(Data entries)
-.-.-

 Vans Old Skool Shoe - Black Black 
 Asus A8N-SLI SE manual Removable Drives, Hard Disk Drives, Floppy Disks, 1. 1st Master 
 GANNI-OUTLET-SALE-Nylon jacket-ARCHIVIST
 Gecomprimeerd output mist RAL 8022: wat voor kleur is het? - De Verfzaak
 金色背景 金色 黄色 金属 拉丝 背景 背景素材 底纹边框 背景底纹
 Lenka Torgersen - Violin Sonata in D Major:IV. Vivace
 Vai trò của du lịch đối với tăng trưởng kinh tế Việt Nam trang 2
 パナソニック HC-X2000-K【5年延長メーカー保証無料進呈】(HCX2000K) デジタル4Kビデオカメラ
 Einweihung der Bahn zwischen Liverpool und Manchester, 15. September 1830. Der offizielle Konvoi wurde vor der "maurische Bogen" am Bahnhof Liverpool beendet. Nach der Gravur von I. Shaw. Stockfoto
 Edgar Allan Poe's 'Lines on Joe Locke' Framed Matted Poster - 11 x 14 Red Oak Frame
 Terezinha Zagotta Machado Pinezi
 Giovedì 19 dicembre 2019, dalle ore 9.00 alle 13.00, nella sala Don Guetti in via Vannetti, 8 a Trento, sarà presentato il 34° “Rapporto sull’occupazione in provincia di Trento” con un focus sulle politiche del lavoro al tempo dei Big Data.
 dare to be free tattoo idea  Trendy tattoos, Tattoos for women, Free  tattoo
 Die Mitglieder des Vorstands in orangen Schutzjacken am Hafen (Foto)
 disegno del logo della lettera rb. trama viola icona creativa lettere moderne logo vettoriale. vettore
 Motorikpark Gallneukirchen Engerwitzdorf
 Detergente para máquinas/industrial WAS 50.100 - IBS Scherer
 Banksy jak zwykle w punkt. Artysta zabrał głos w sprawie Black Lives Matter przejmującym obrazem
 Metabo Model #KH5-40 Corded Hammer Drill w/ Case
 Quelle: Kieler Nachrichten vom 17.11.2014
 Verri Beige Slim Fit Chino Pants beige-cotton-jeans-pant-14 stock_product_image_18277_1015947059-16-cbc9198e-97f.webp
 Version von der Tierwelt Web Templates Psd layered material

-.-.-

If the string "Black" appears in a line of the entries, report the line.

Answer section:
 Vans Old Skool Shoe - Black Black 
 Banksy jak zwykle w punkt. Artysta zabrał głos w sprawie Black Lives Matter przejmującym obrazem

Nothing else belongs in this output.